This section should describe all the things not directly related to the product problems but are needed on the engineering side to solve the functional requirements mentioned. It can be as simple as ” We need a URL shorter system for this” or as complex as “Our existing pub-sub system won’t work in this case because of XYZ reason, so we need to come up with a different/better solution”.

3. Non-functional requirements of the system

  1. Write down all the non-functional requirements - examples are availability, capacity, reliability, scalability, security (high level), Maintainability + Manageability, etc.

  2. Discuss the load expected on the system with the product manager (check if it's already mentioned in the PRD or not) and mention that here

  3. Discuss any data-related non-functional requirements here - for example - data access speed, encryption, data consistency (strong/eventual)

4. Back of the envelop estimate

4.1- Estimate load and explore it in detail -

  1. Requests per second/operations per second/ actions per second - write down the estimated figures.

  2. Database storage and cache storage estimates - Estimate the amount of the data stored (per minute/hour) and establish a read-write ratio.

  3. Media storage - read/write pattern and size of data.

4.2- Synchronous vs Asynchronous communication

  1. Figure out which parts of the functional requirements need sync communication

  2. As a rule, for inter-service (inter-system) communications, Try to lean on async communication as much as possible.

5. Define the interfaces - High-level definition

  1. Choose the proper interface according to the requirements and back-of-the-envelope estimate-

    1. REST API

    2. gRPC

    3. GraphQL

    4. Websockets

    5. SSE

  2. If you are choosing anything apart from REST API - mention the reason for that choice.

  3. Explain each of the interfaces clearly -

    1. Define the input parameter and type of the input parameter (query, body, URL, etc.)

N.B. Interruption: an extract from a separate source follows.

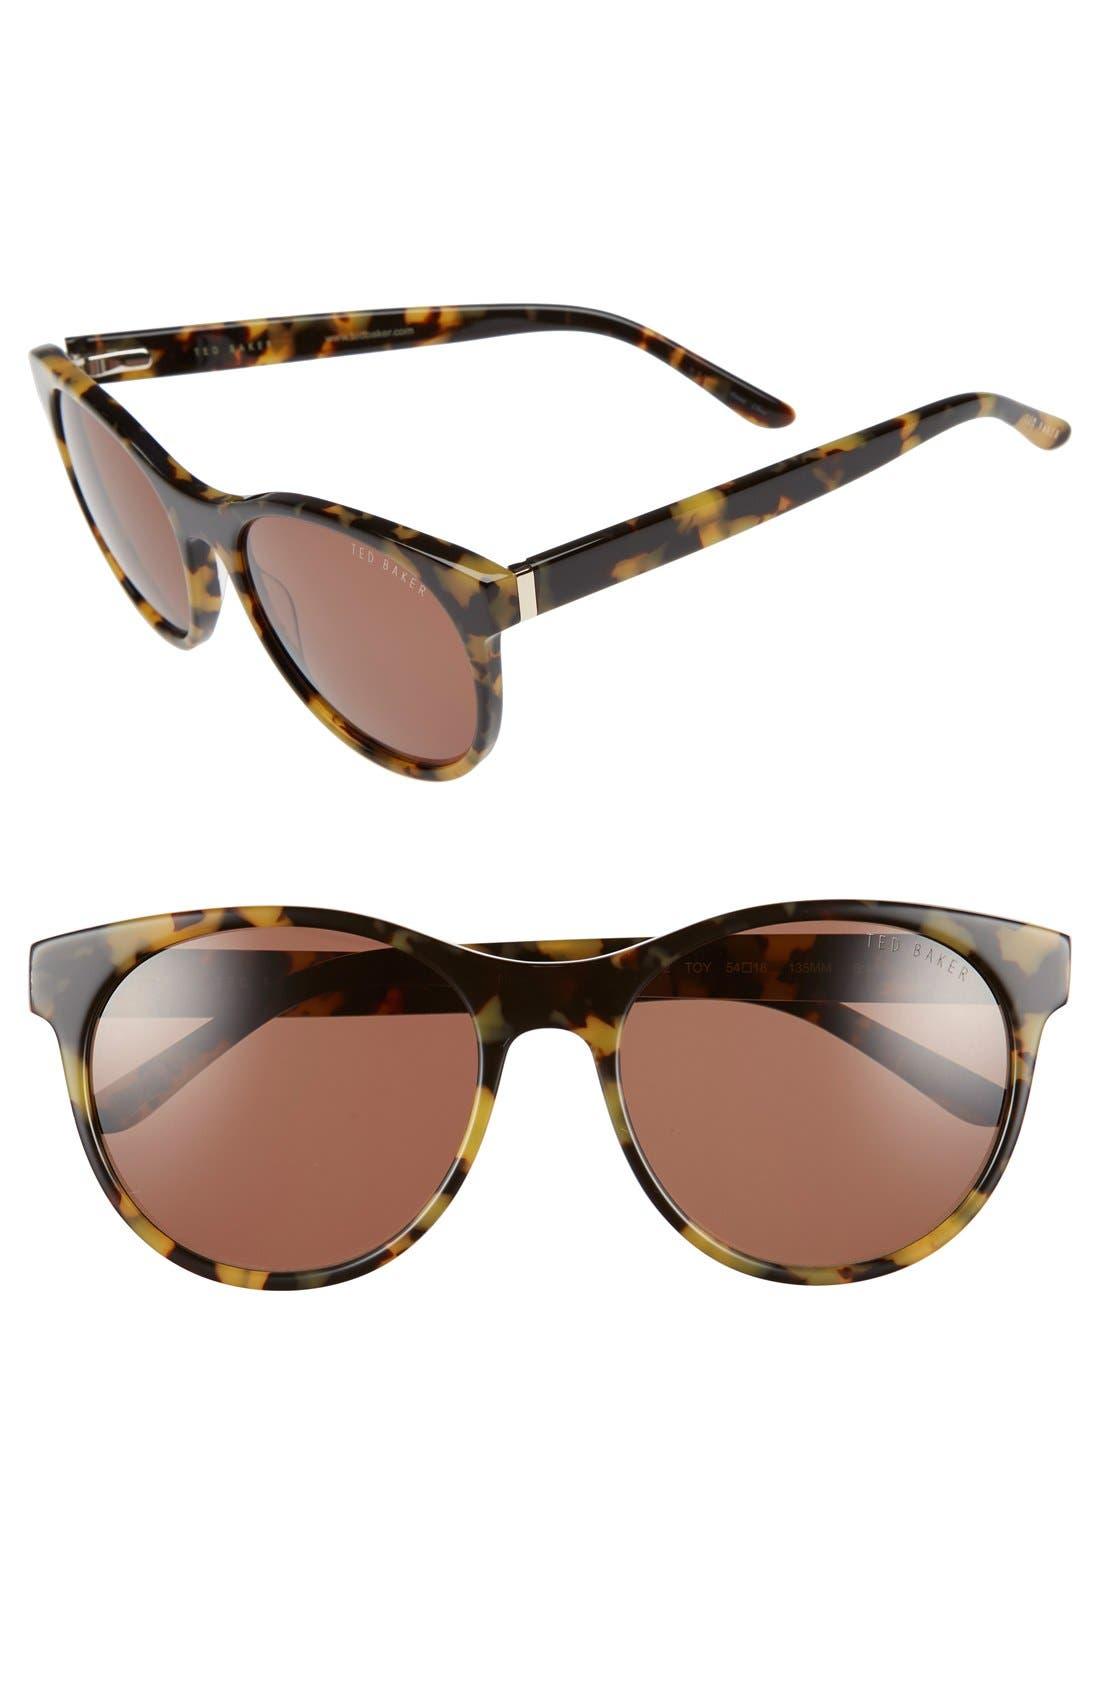 54mm Retro Sunglasses,                         Main,                         color, Tokyo Tortoise

    2. Define the output very clearly (what are the fields in the response, the response structure, etc.).

    3. This section should only describe the interfaces clearly. The detailed logic of it should be explained in a detailed section later.

  4. Factor in the end-user behaviour in these interfaces. We design the interfaces before writing data models to ensure we have thought about end-user access and write patterns. Our data models should reflect the same thinking (detailed in the next step)

6. Data models and low-level design of the system

6.1.- Schemas

  1. Define the different SQL and NoSQL schemas required for the functional requirements.

  2. Define the relationship between the schemas.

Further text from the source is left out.